Iveco Bus – Annonay : assez des cadences intenables

18 Avril 2018

À l’usine Iveco Bus d’Annonay, en Ardèche, l’ambiance est de plus en plus tendue. Il y a un mois, après des débrayages pour les salaires qui ont bloqué les lignes, la direction a dû céder 30 euros d’augmentation minimale.

Si Iveco bat tous les records de ventes et de bénéfices, la direction ne veut pas que les ouvriers en voient la couleur. Depuis quinze jours, elle augmente les rythmes de travail en refusant toute embauche ferme. La tension croissante a entraîné des incidents dans certains ateliers, des arrêts de travail et même des démissions. Des bus sortent sans être terminés et s’accumulent sur les parkings avec des pièces manquantes.
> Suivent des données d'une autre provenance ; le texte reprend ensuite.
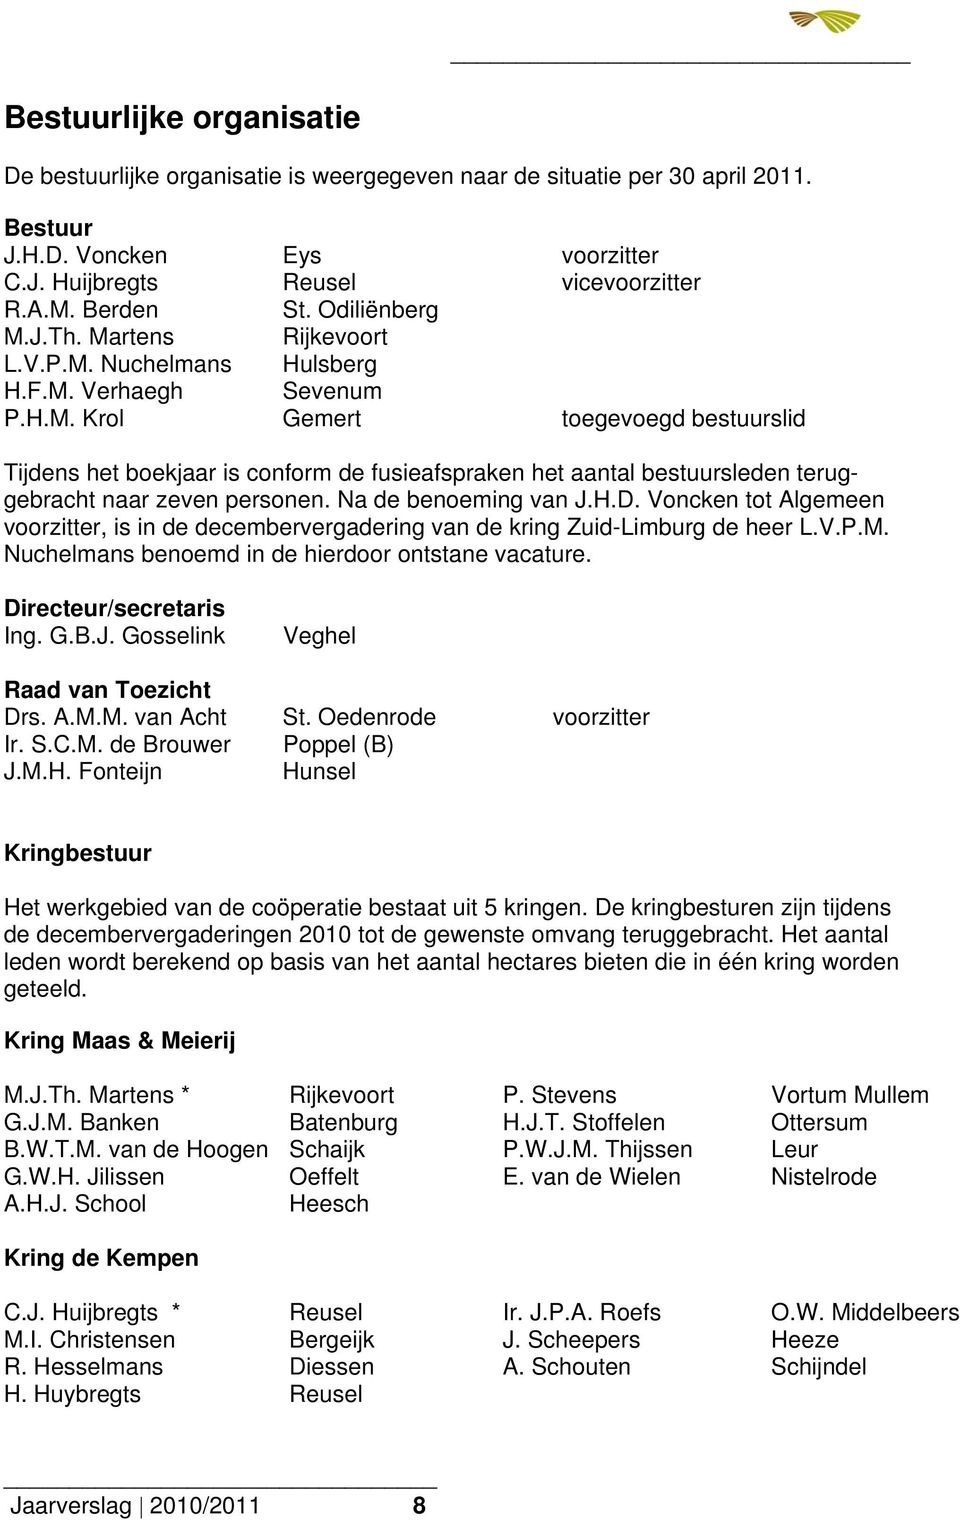 Na de benoeming van J.H.D. Voncken tot Algemeen voorzitter, is in de decembervergadering van de kring Zuid-Limburg de heer L.V.P.M. Nuchelmans benoemd in de hierdoor ontstane vacature.

Dans les ateliers, nombre d’ouvriers manifestent leur mécontentement en refusant d’accélérer le rythme. Comme l’a dit l’un d’eux : « C’est le chef qui passera une mauvaise journée. » D’ailleurs certains chefs eux-mêmes, excédés par les pressions de la direction, expriment leur mécontentement. Récemment, à l’appel de plusieurs syndicats, les ouvriers de plusieurs ateliers sont partis en débrayage et ont manifesté dans l’usine contre les hausses de cadences. Ils réclament des embauches et, pour eux, cela devrait commencer en proposant des CDI à tous les intérimaires. C’est une première riposte à l’offensive de la direction.